▶ **Supplied entries**:
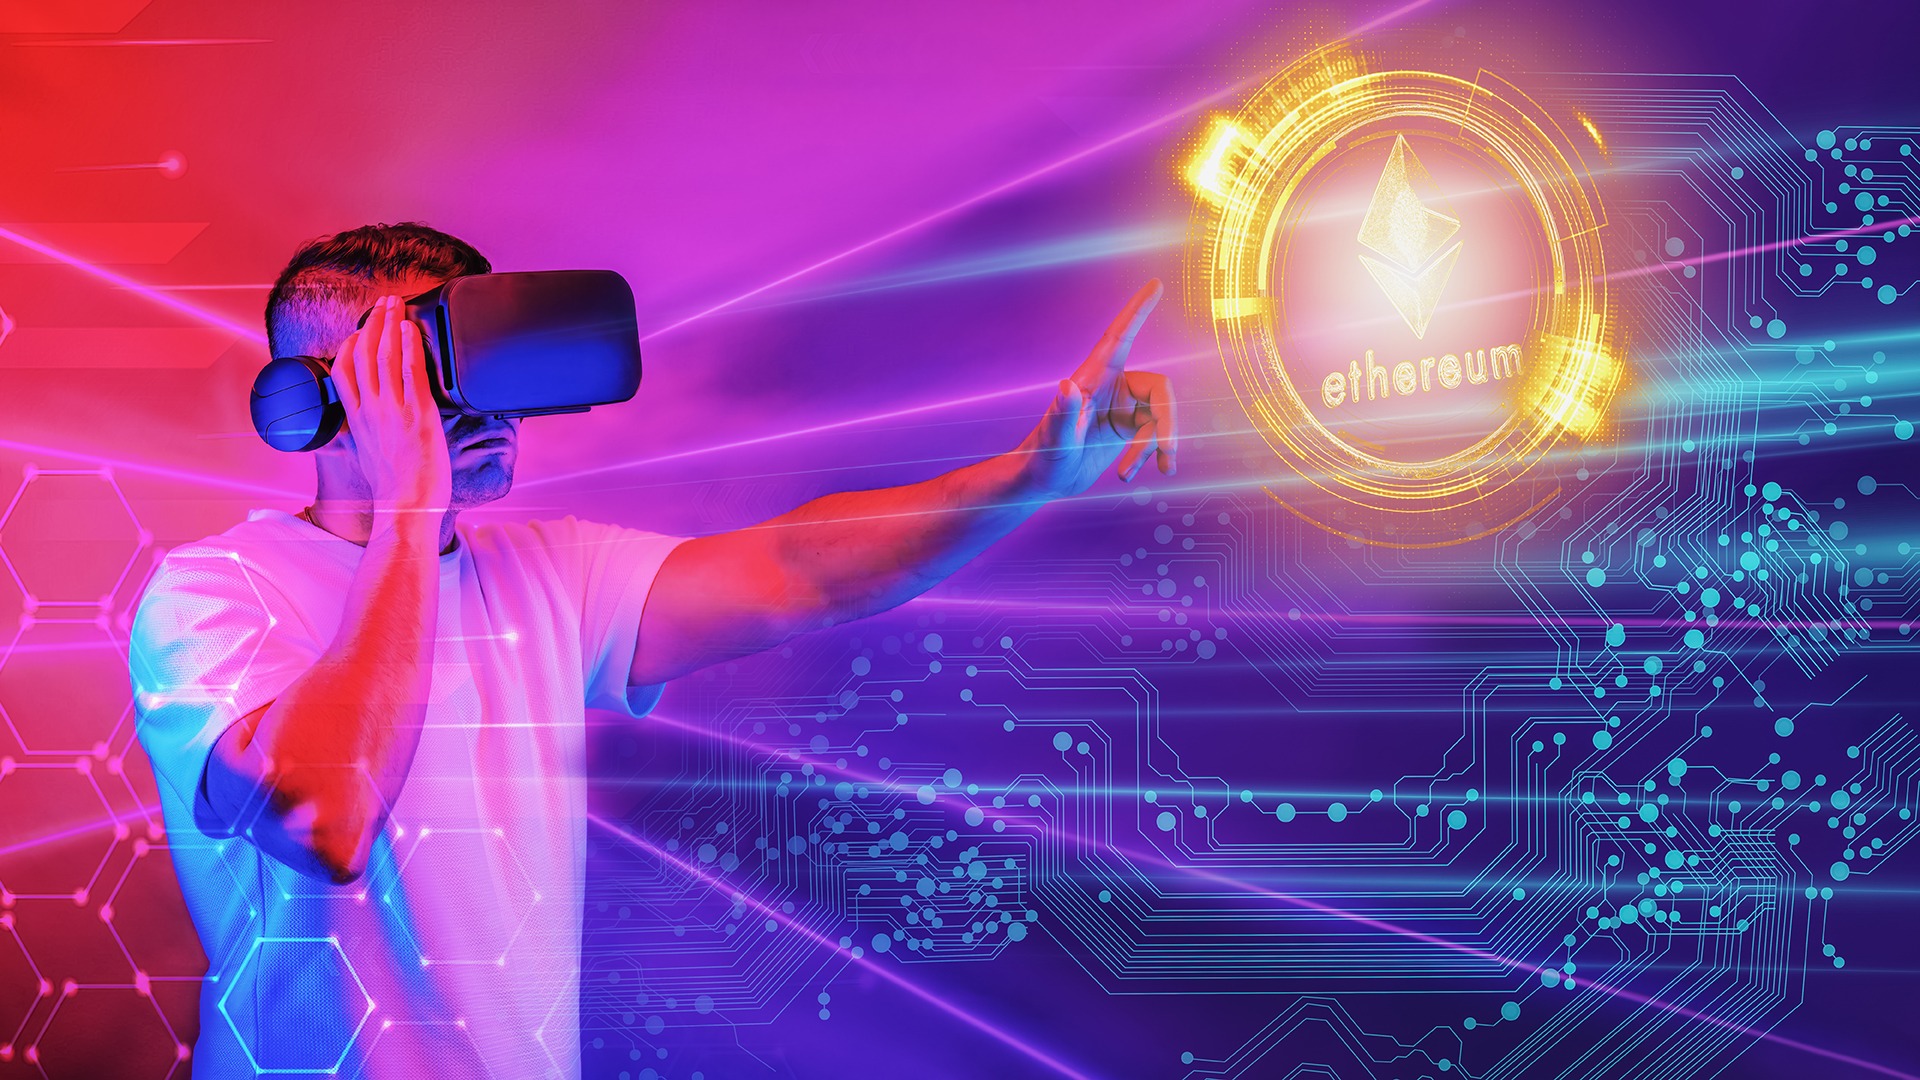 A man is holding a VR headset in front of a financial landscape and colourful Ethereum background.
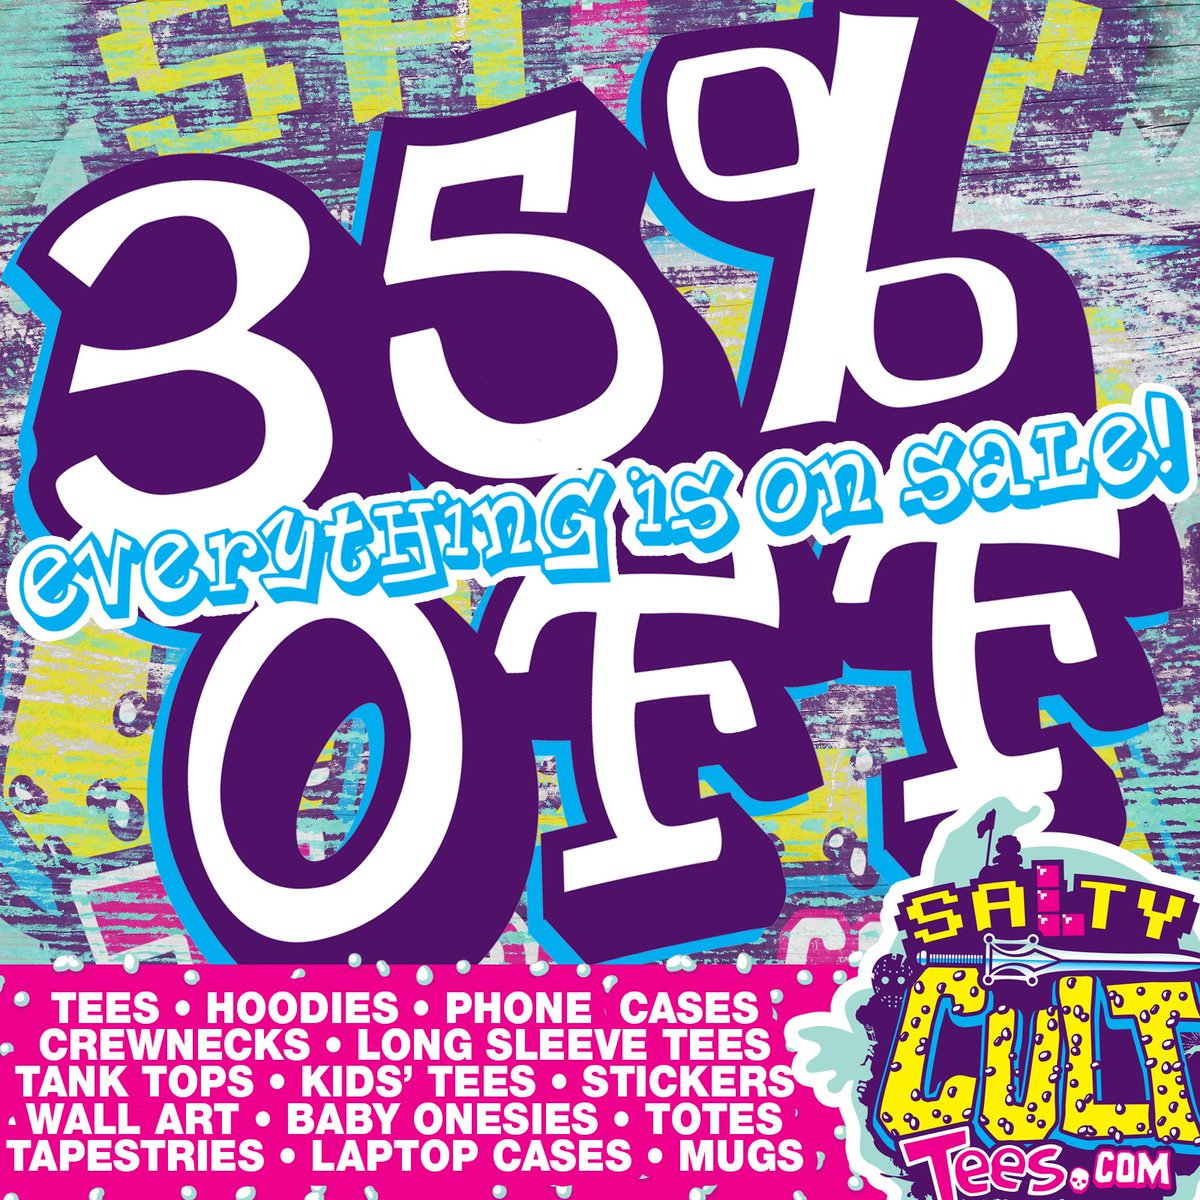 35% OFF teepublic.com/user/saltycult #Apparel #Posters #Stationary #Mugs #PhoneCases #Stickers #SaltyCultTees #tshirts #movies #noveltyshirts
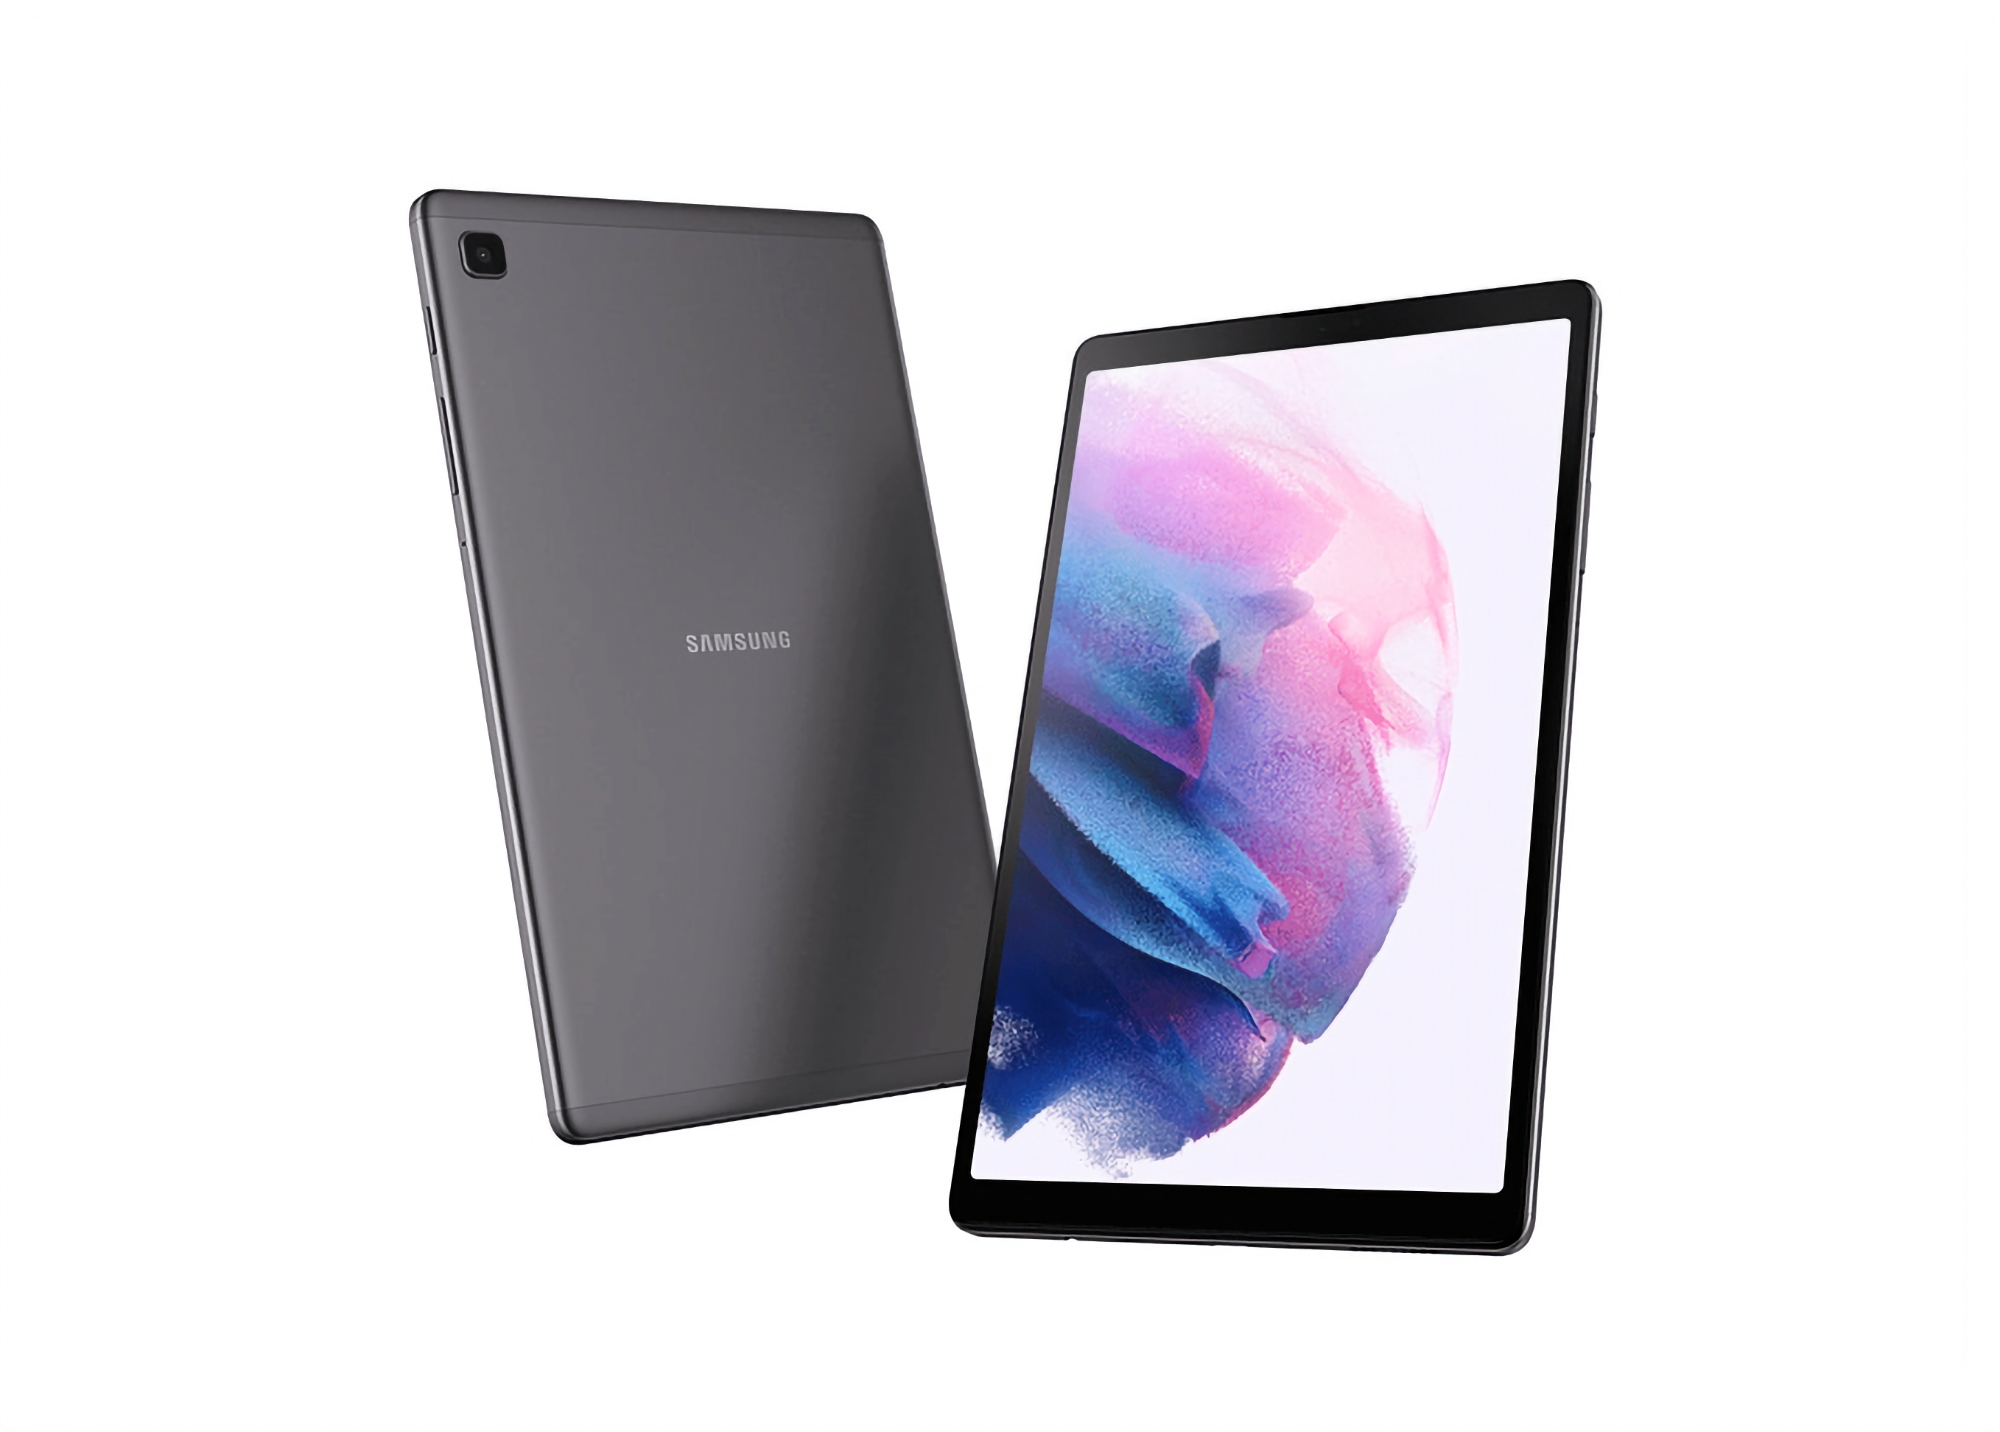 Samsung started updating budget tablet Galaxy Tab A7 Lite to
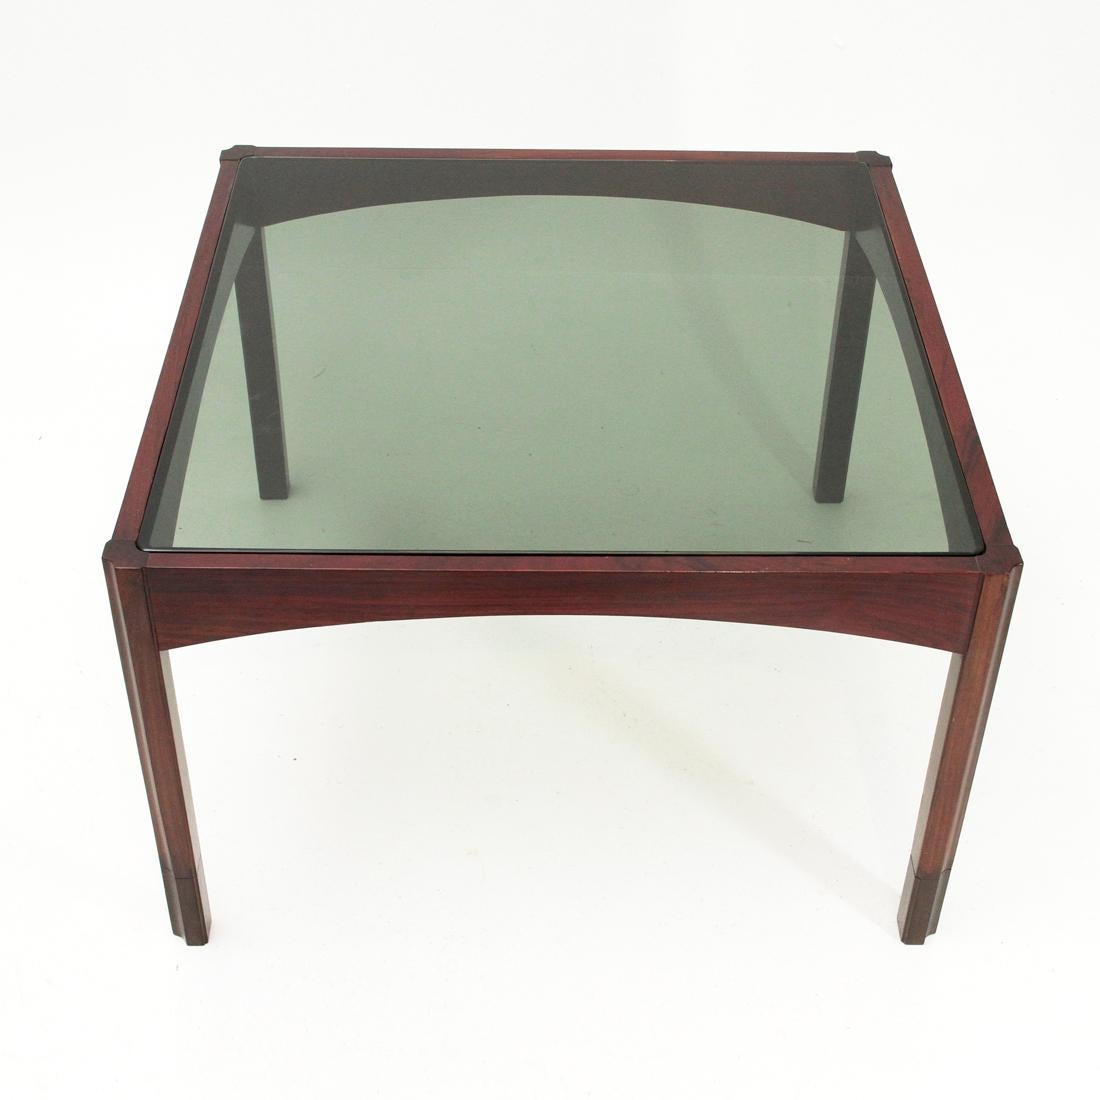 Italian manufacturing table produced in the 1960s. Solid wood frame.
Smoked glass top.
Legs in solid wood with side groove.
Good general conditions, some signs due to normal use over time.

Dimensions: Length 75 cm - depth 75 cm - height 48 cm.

▶ **What this task involves**: Write out the records above exactly as they appear, leaving out any pictures.

▶ **Response to the exercise**:
 A man is holding a VR headset in front of a financial landscape and colourful Ethereum background.
 35% OFF teepublic.com/user/saltycult #Apparel #Posters #Stationary #Mugs #PhoneCases #Stickers #SaltyCultTees #tshirts #movies #noveltyshirts
 Samsung started updating budget tablet Galaxy Tab A7 Lite to
 Italian manufacturing table produced in the 1960s. Solid wood frame.
Smoked glass top.
Legs in solid wood with side groove.
Good general conditions, some signs due to normal use over time.

Dimensions: Length 75 cm - depth 75 cm - height 48 cm.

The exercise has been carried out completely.